I’m not sure how my 7th grade novelist thought they lit that cave. Torches maybe? Candles? Or some sunlight falling through openings in the ceiling?
Anyway there was a giant half pipe and Brian and his Crew used to skate there. Tony had gone down inside and confronted Kevin, a friend with a bad drug habit who had betrayed the Crew. Kevin stabbed him.
Brian found Tony, bleeding, tried to patch him up, realized he couldn’t get him out, and finally held him, weeping, while he died.
I wrote that scene a dozen times. Best friends in their final moments together. Betrayal. Violence. Devastation. Loss.

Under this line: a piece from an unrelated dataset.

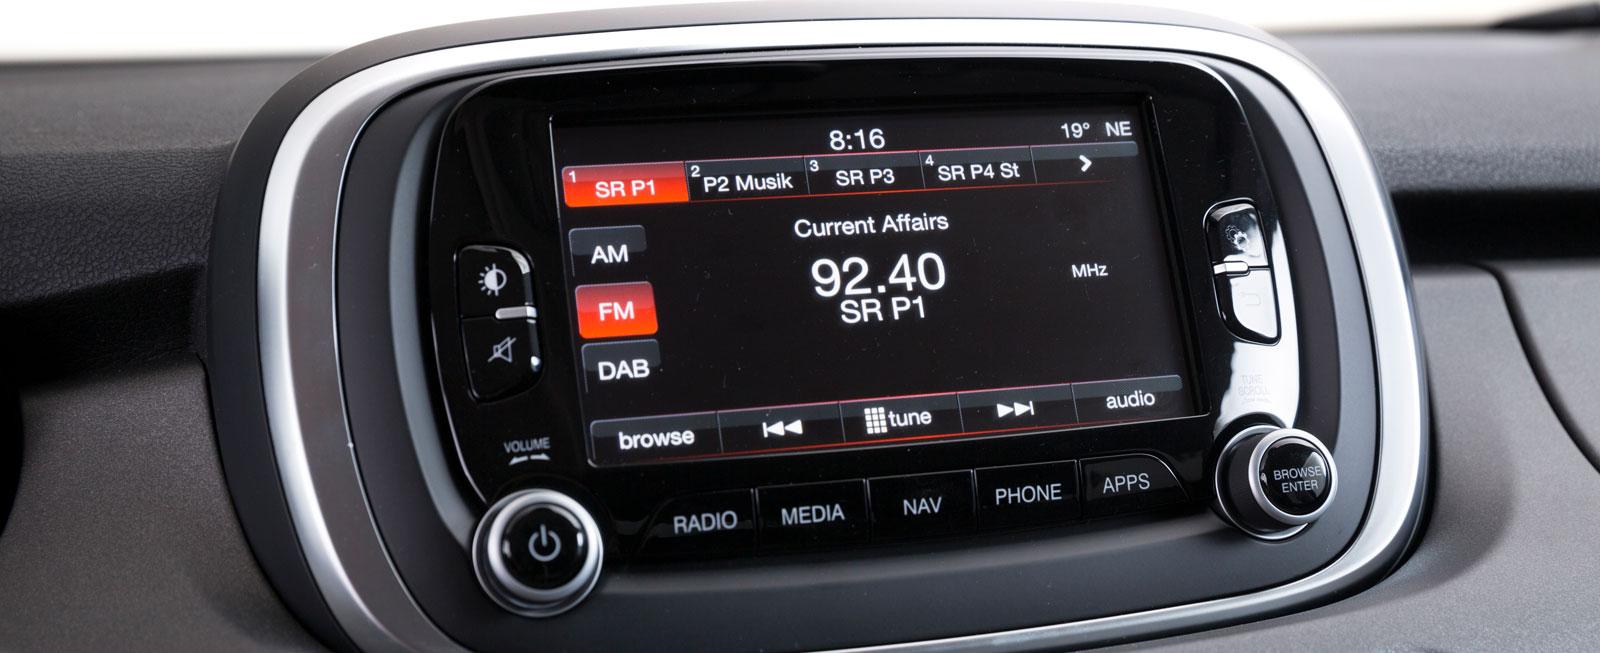 Fiats system är testets bästa, med förhållandevis pigg och tydlig grafik samt enkel skötsel via vred och pekfinger.

What did my seventh-grade novelist self know about such things? Only what she’d read, seen in movies, and imagined.
Imagined.
For the duration of the year we lived in Aptos, California, I imagined what it would be like to have a group of really cool skateboarder friends. Brian would lead them of course, with Tony as his best mate, Jason and Joel as identical twins, and Kevin, the Judas among them.
All those days in the window seat of the house in Aptos, scribbling in pencil into spiral notebooks imagining the day I’d be a novelist. My name on the cover of a book. My characters walking around in people’s heads. Thirteen-year-old me building the foundation of my ambition. A dream.
And this year, it’s been realized.
I have a book. It’s not Tony bleeding in a skate ramp cave, but it is Tony bleeding, dying, and Brian’s loss. His regret. His shame.
It’s a hard book to read, I’m told, because it’s so sad. And yet I don’t feel sad by it. I’m glad to have released it. Freed it. Freed them all to breathe among the readers like feathery seeds of dandelions adrift on the breeze.
In freeing them, I also feel free. And nervous (will they like it?). And proud (look what I made!). And relieved. This thing I’ve been working at, this thing I thought one day I’d do, I did it.
Here’s the link to the book’s site. And where you can buy it on Amazon. And the Launch Day event on Facebook. There will be giveaways and behind-the-scenes and merriment and Q&As and suchness. Find me on Instagram for videos. Check out the trailer here.
More than anything, though, even if you never buy my book, find that dream you had that time and figure out how to make it happen. Because there’s a fulfillment beyond comparison in doing so.